The story is told of a Yid who made a living chopping wood in the forest and using his horse and wagon to sell the firewood. Near his worksite, a shepherd would watch over a flock of goats. One day as the Yid was working, he noticed a goat slip away from the flock and go into the dense shrubbery of the forest. The next day, he noticed a different goat slipping away from the shepherd and making his way into the forest. When the scene repeated itself yet a third day, the Yid’s curiosity was aroused and he decided to follow the runaway goat.
He carefully made his way through the tangled vines and saw the goat climbing a hill and then entering a cave. The Yid followed the goat into the cave, only to come face to face with a huge, growling bear. At first frightened out of his wits, he soon realized that the bear was severely crippled and could move neither his front nor his back paws.
The Yid was overwhelmed with what he witnessed. The Ribbono shel Olam, Who sustains every living thing, was sending this crippled bear a goat each day so that he should not starve!
The Yid returned to his horse and wagon, and instead of working, returned home.
His wife, concerned that he returned so quickly and with an empty wagon to boot, was concerned to see him.
“What happened?” she asked in alarm.
“He Who sustains the bear will sustain us as well!” he replied.
She became even more worried, and was convinced that he was unwell and this was why he was acting so strangely. As she stood there wondering what to do next, two men arrived at the door and asked whether they could rent the horse and wagon for the day.
“You see how wondrous are the ways of Hashem!” the husband told his wife, “no one asked to rent our horse and wagon until the moment I decided to stop chopping wood.”
He agreed to rent it to the men, and gave his wife the money for the day’s expenses.
“But what will we eat tomorrow?” his wife fretted.
“He Who created the morrow will sustain us,” her husband assured her.
The two men were actually two violent criminals who wanted the wagon so they could bury their latest victim. During the burial they came across a chest of gold coins, which they happily loaded onto the wagon.
Each of them was determined that he alone would keep the entire treasure; and in their attempts to settle the matter they both shared the fate of their victim.
The horse waited all afternoon, and when darkness fell it decided to trot back home, pulling a vast treasure in the wagon.
The Yid inspected his wagon and joyfully informed his wife, “Hashem has brought us our needs for tomorrow — today!”
In this week’s parashah, the Torah teaches us: “If you will say: What will we eat in the seventh year? For we will not sow and we will not gather in our crop. I will command My blessings for you in the sixth year and it will produce a crop that will suffice for three years.”

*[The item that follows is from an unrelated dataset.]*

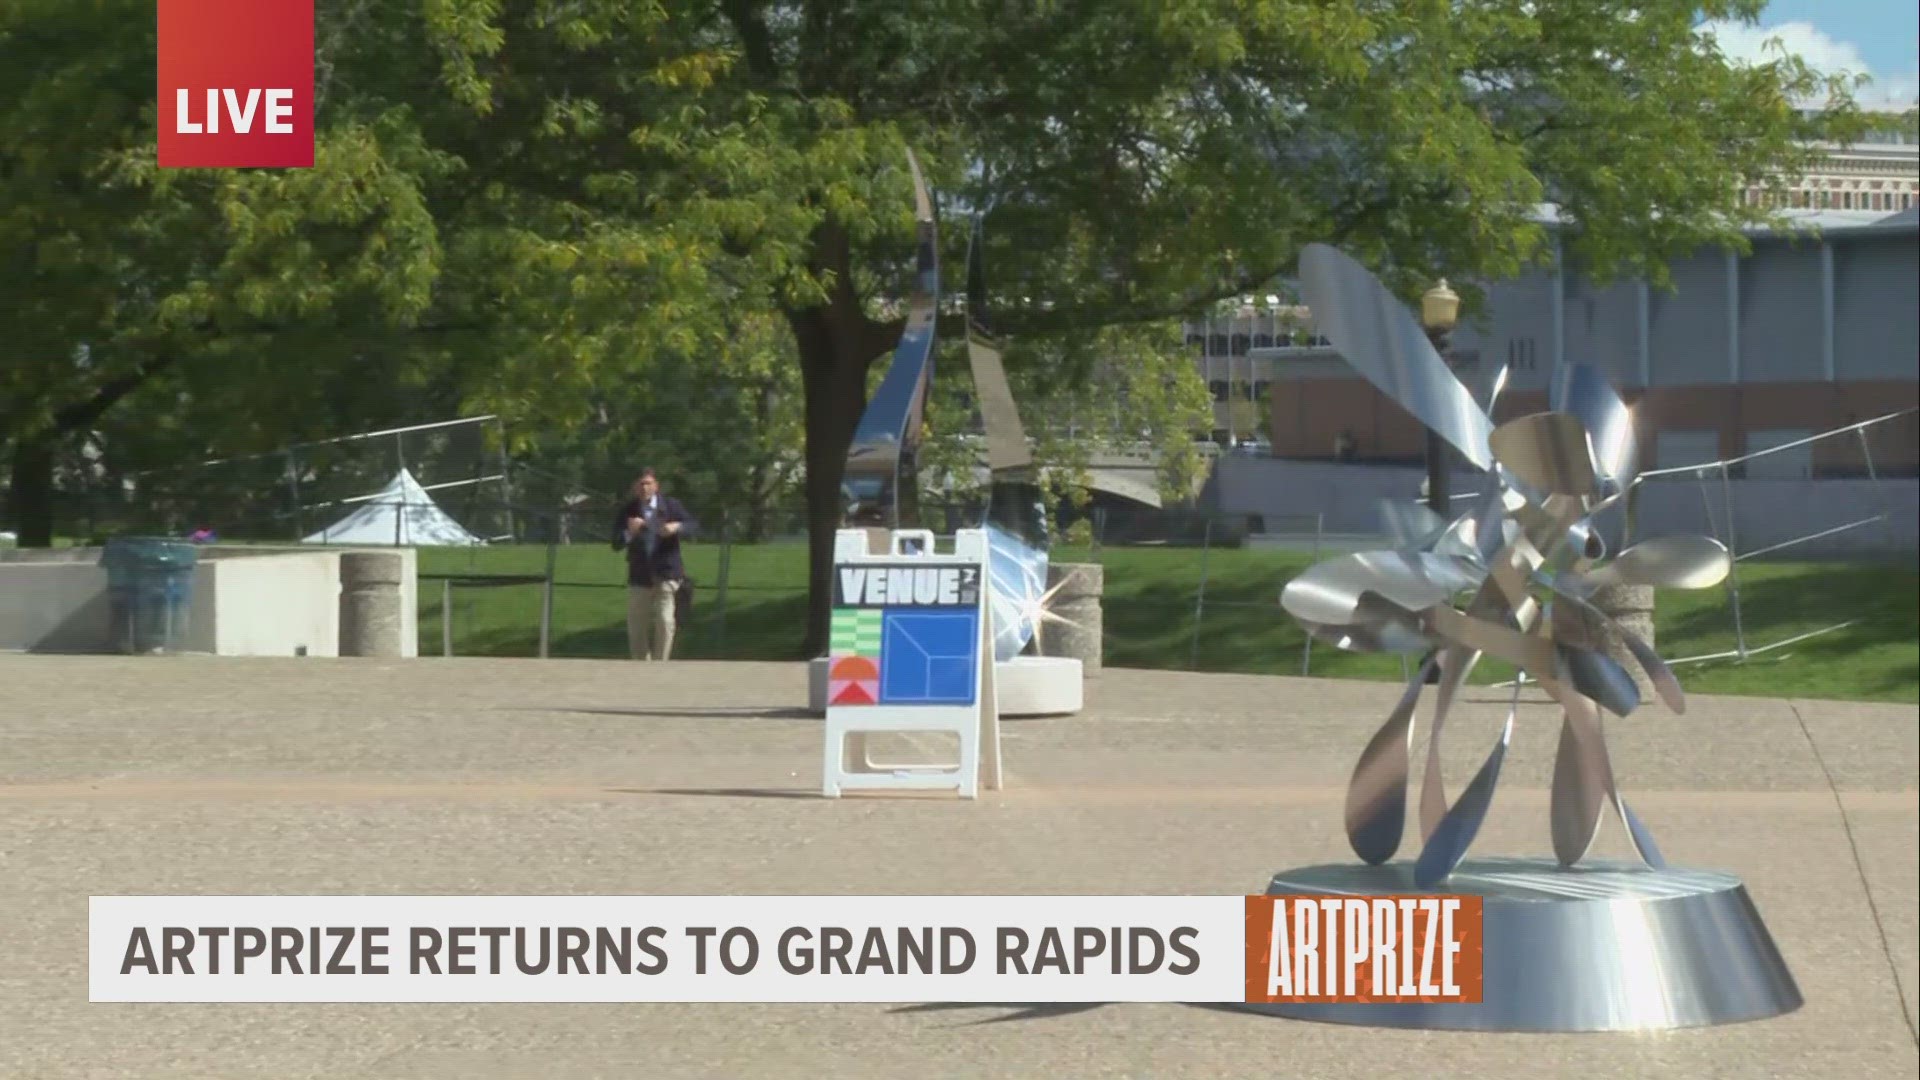 The festival brings thousands of visitors to Grand Rapids to see artwork from around the globe.
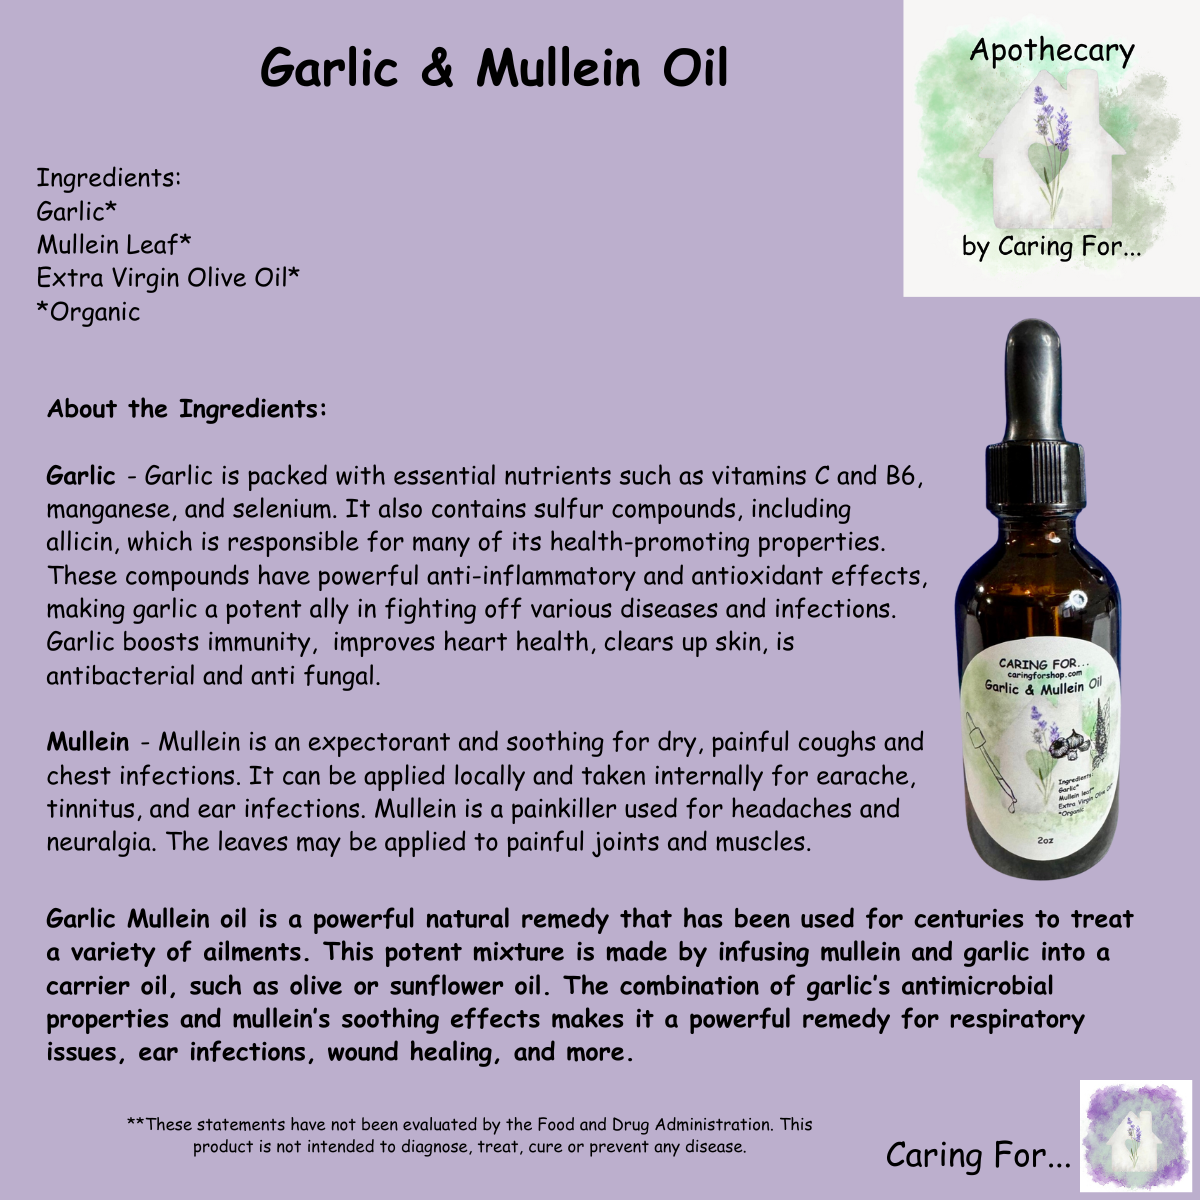 Garlic & Mullein Oil | 2oz | Earache Oil | Pain Relief Oil | Apothecary by Caring For...

One of the primary reasons given by meforshim for the mitzvah of Shemittah is that it serves to instill into Klal Yisrael the concept of bitachon, of relying solely on Hashem and recognizing that ultimately our parnassah — our fate — is solely in His hands.
There are differing views about hishtadlus for parnassah.
According to one view, the amount of hishtadlus a person is required to make is in direct proportion to the level of his bitachon.
Another view is that a certain amount of hishtadlus is required even by someone who does have the requisite amount of bitachon. However, Hagaon Harav Chaim Shmulevitz, zt”l, cautions that even according to this view, one should not err and assume that somehow it is the hishtadlus that brings the parnassah.
The fact we must earn our living “by the sweat of our brow” is part of the punishment mankind received following the sin of Adam Harishon, but this is not what brings parnassah.
While a shortage of funds for basic expenses can sometimes be an indication that an increase of hishtadlus is in order, in many situations this isn’t the case at all. It is imperative that one should always consult with a spiritual mentor for guidance as to the proper amount of hishtadlus. Too much can be just as harmful as too little.
The precise amount of money an individual will earn is predestined, though the amount of bitachon a person has and how much effort he exerts in tefillah also plays a significant role.
May the Ribbono shel Olam help us all achieve true bitachon, and may Klal Yisrael thus merit bountiful parnassah.